Data for this task:
-*-*-

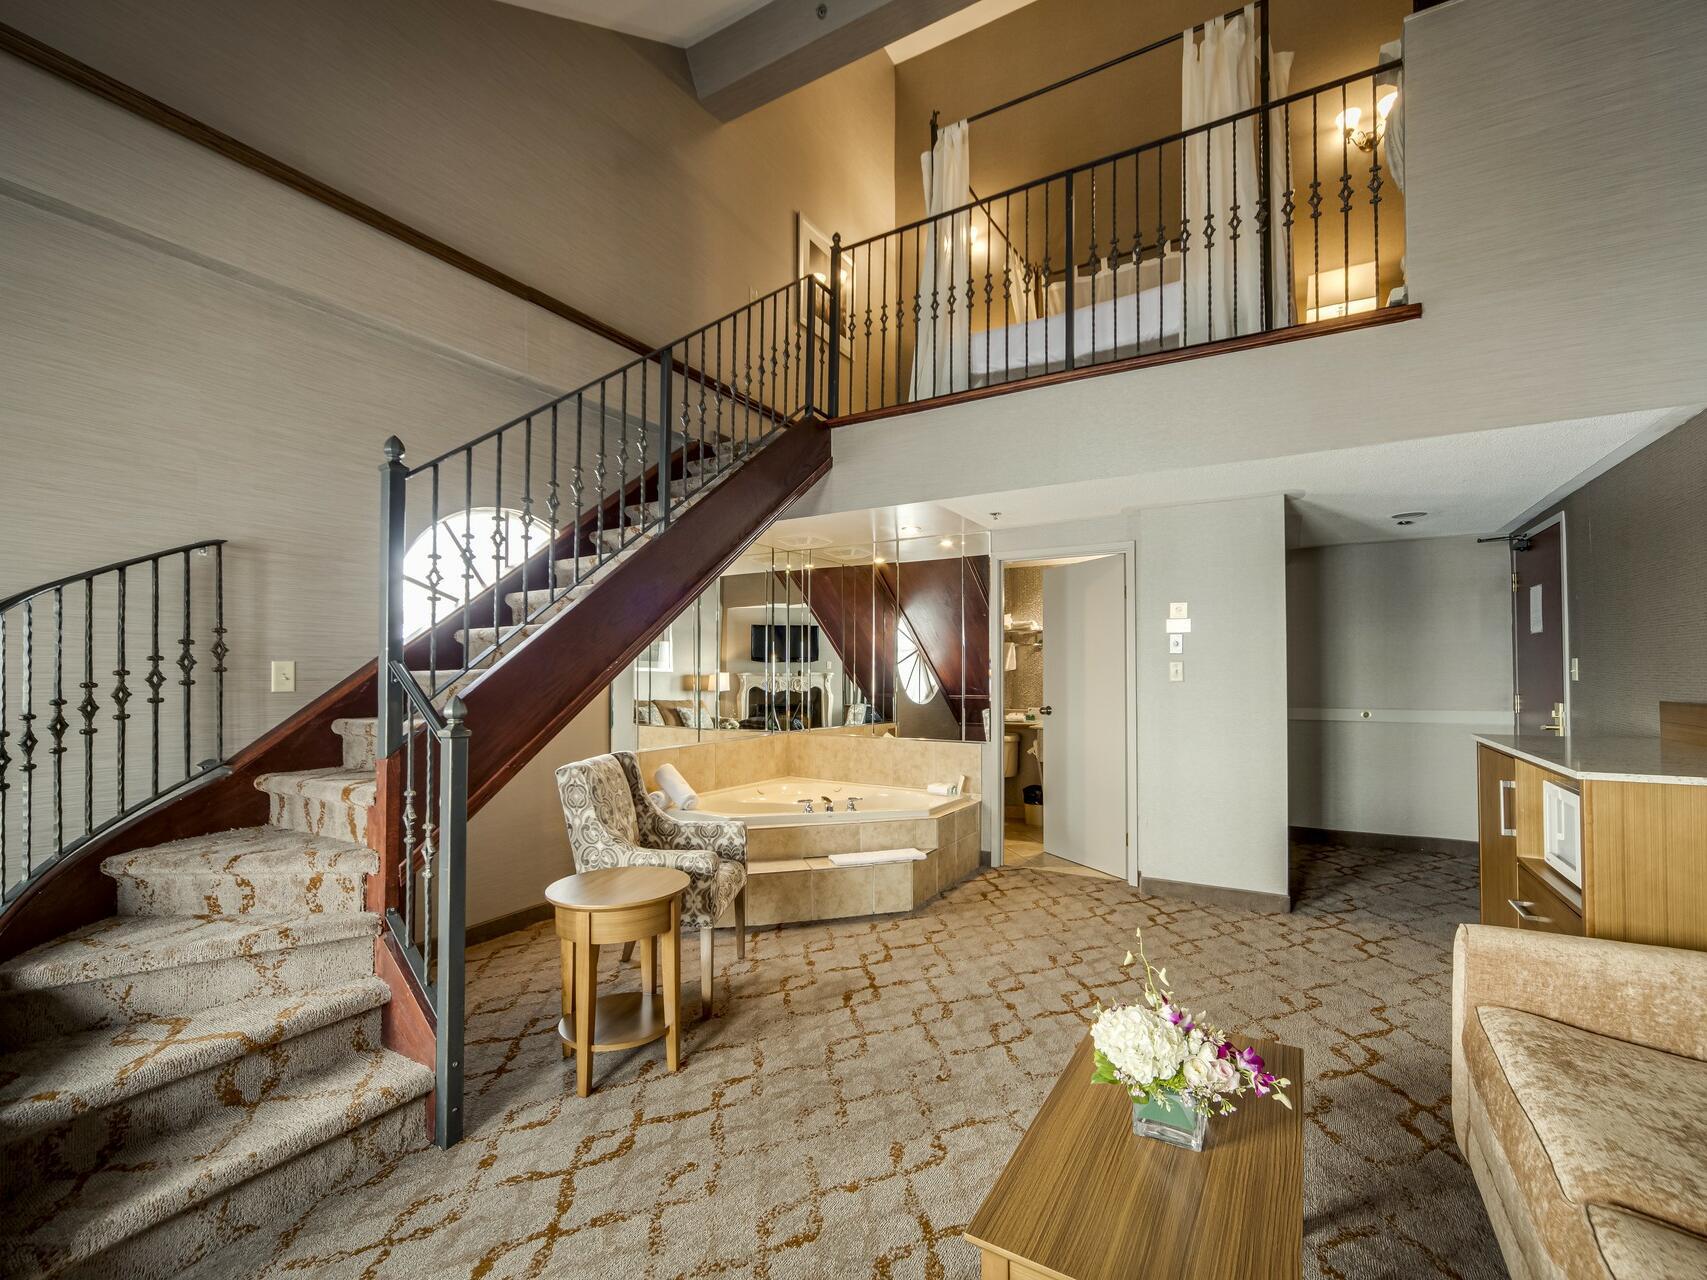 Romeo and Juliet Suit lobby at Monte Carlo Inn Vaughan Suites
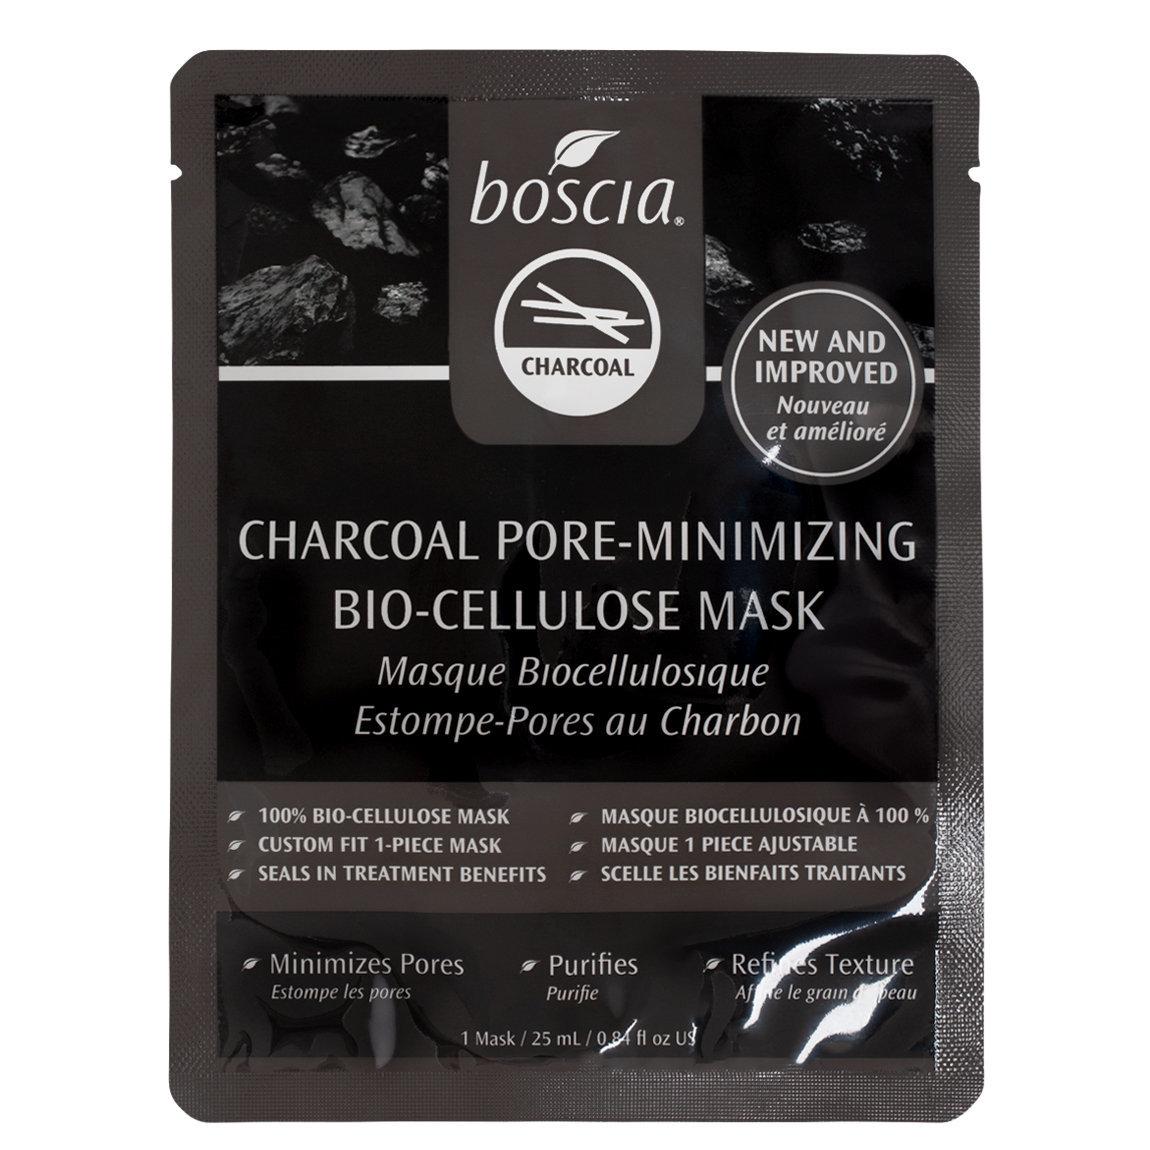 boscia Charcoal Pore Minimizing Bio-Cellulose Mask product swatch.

-*-*-

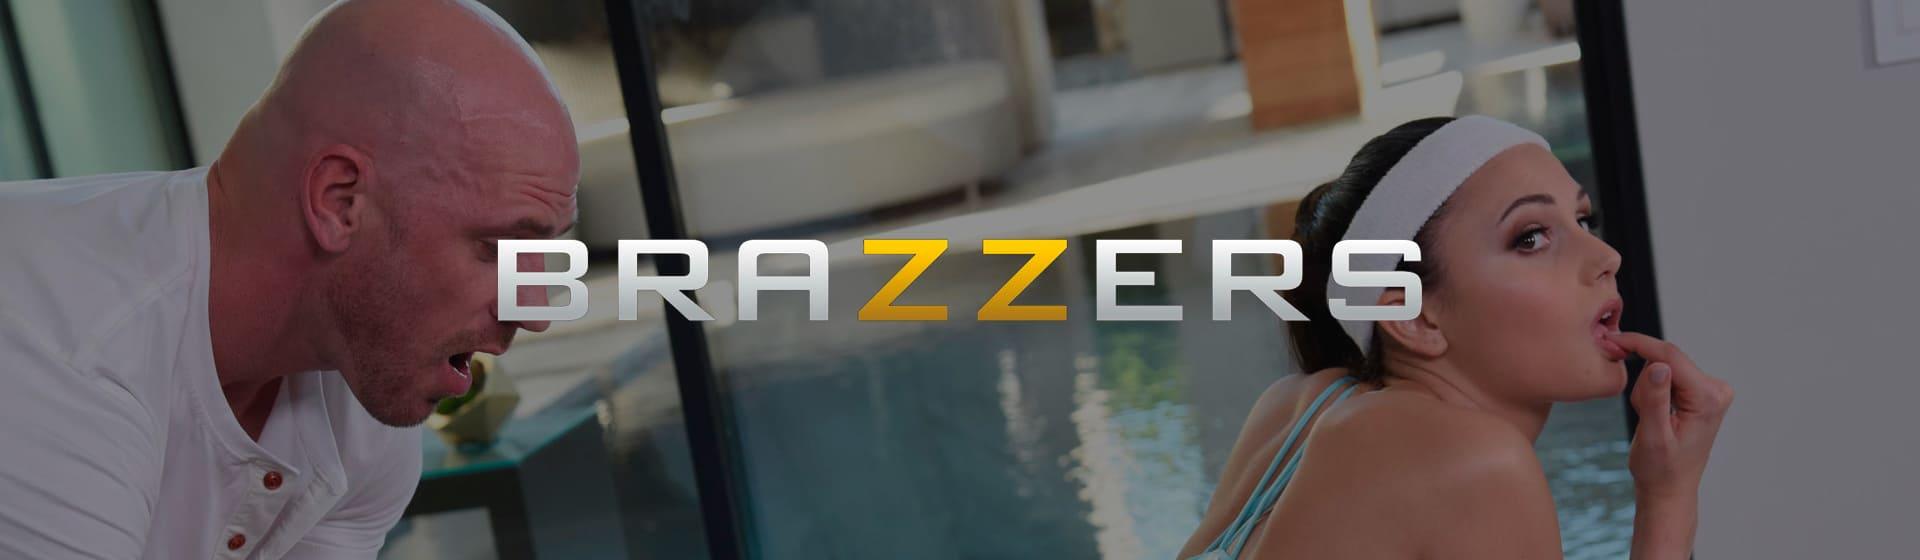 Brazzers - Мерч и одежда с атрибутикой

-*-*-

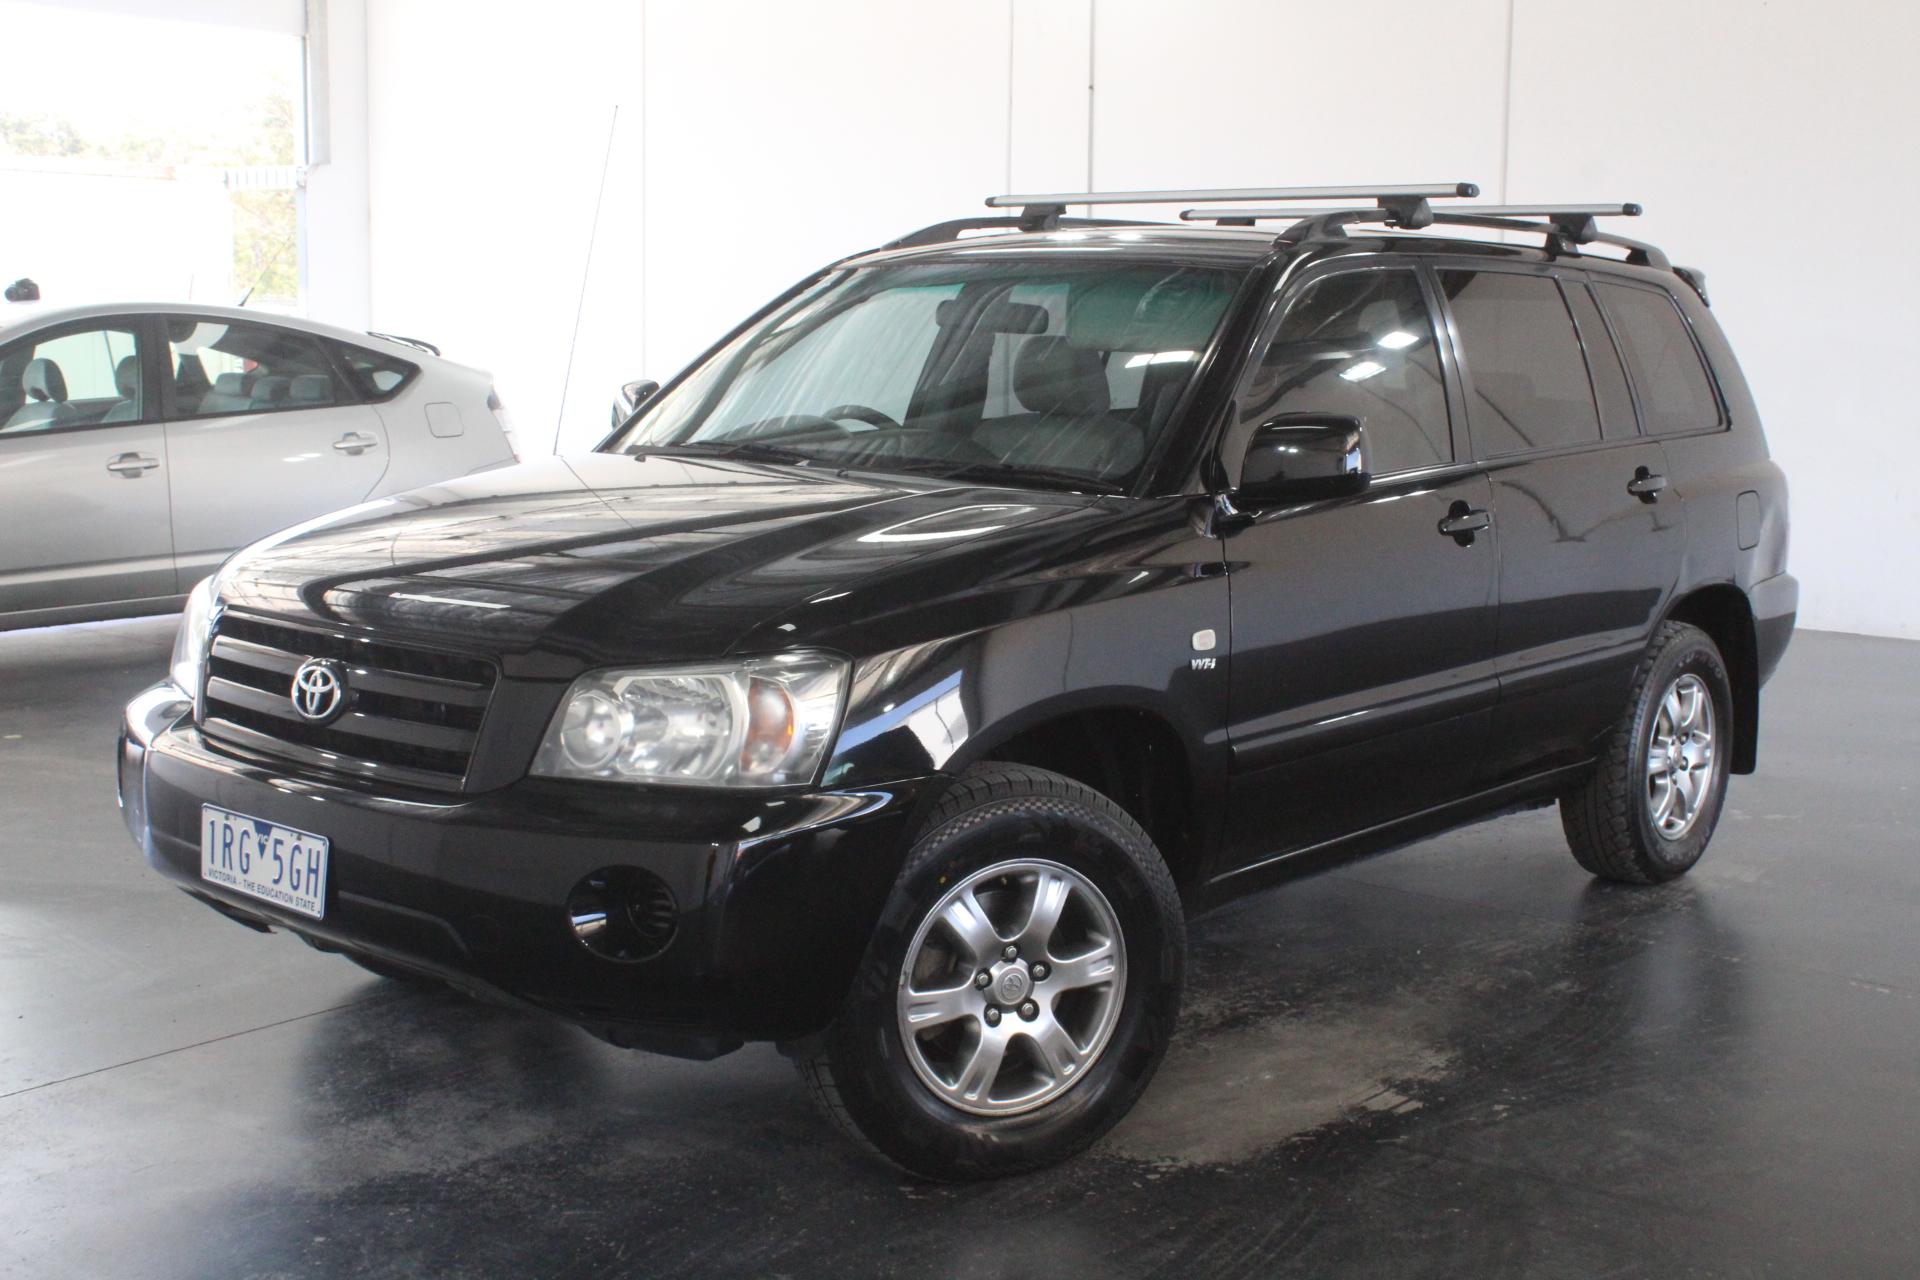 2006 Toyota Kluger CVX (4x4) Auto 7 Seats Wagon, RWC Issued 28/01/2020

-*-*-

What to work on: Repeat exactly the stretch of the listing above that starts with the line holding "Romeo and Juliet" and finishes with the line holding "boscia Charcoal Pore", both included. Skip every picture.

Output for this task:
 Romeo and Juliet Suit lobby at Monte Carlo Inn Vaughan Suites
 boscia Charcoal Pore Minimizing Bio-Cellulose Mask product swatch.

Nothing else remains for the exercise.